▸ **Goal of the exercise**
Going line by line through the records below, write out everything starting with the line containing "GROSS-UMSTADT - Jubiläums-Provinzial-GEWERBE-AUSSTELLUNG" and going on through the line containing "Harry Potter - Film", exactly and inclusively. Pictures do not go in.

▸ **Dataset entries**
• • • • • • •
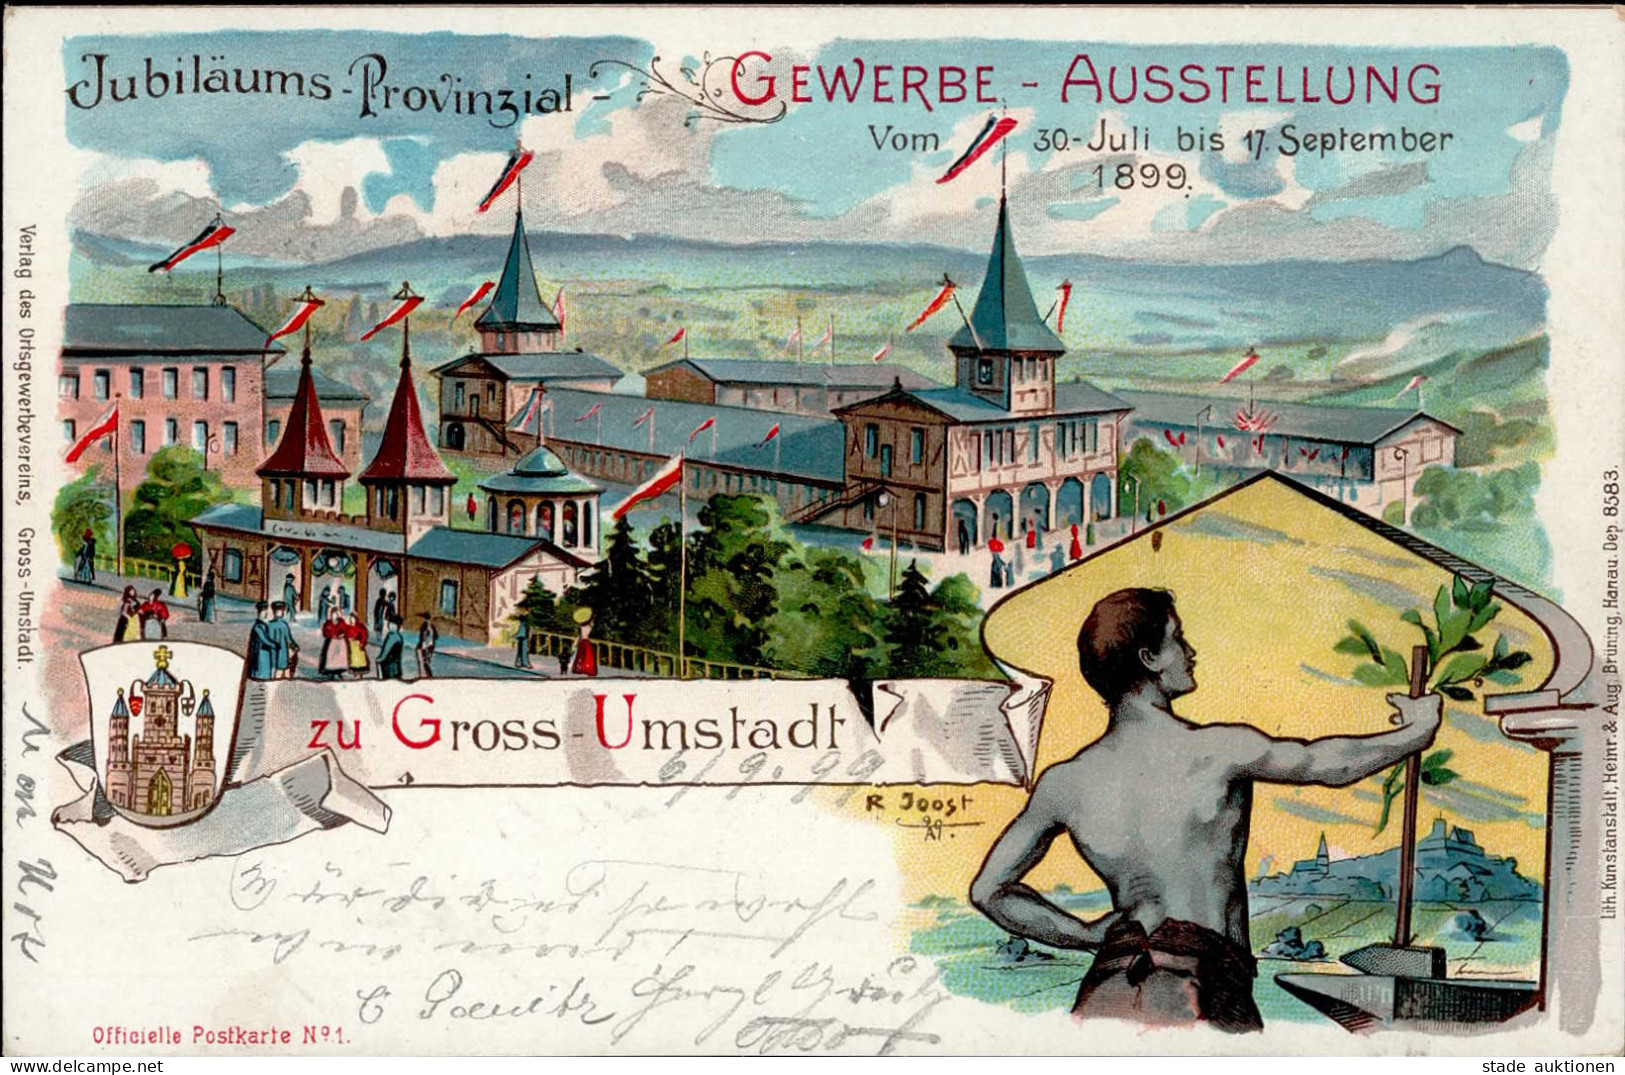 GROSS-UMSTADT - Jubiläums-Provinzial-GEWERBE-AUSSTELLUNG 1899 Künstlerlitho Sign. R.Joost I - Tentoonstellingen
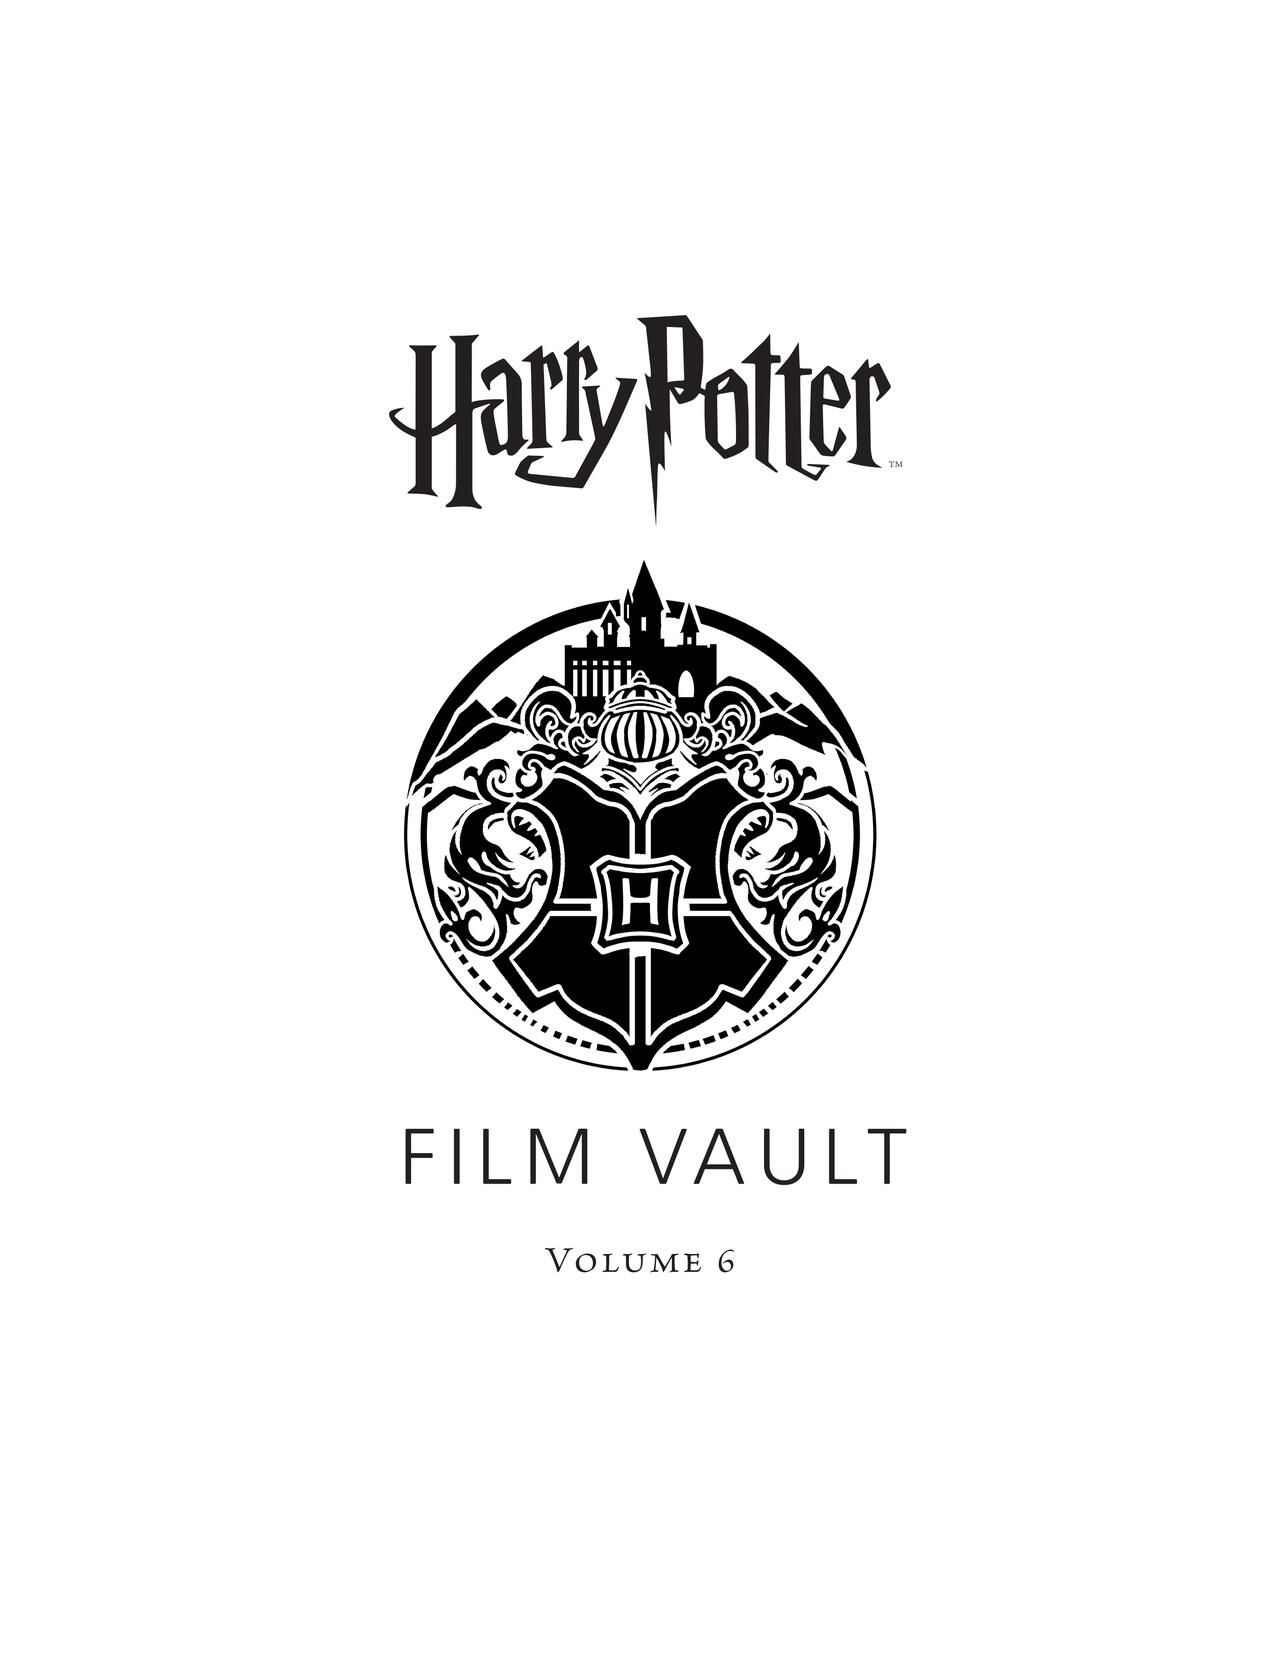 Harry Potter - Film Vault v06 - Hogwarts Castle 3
• • • • • • •
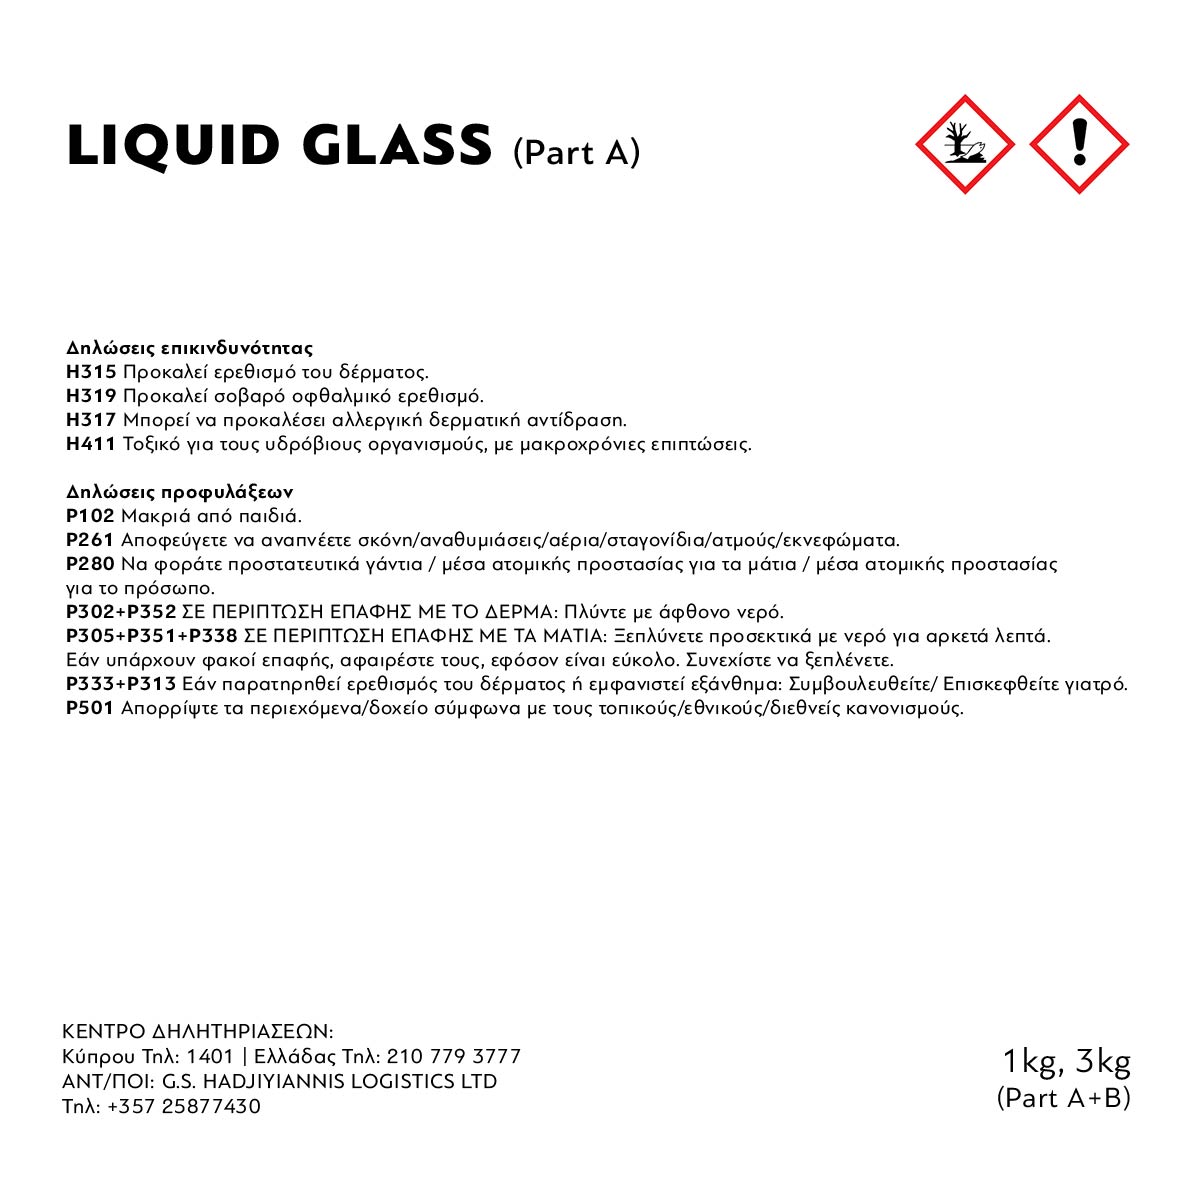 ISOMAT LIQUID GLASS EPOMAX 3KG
• • • • • • •
▸ **Answer for this exercise**
 GROSS-UMSTADT - Jubiläums-Provinzial-GEWERBE-AUSSTELLUNG 1899 Künstlerlitho Sign. R.Joost I - Tentoonstellingen
 Harry Potter - Film Vault v06 - Hogwarts Castle 3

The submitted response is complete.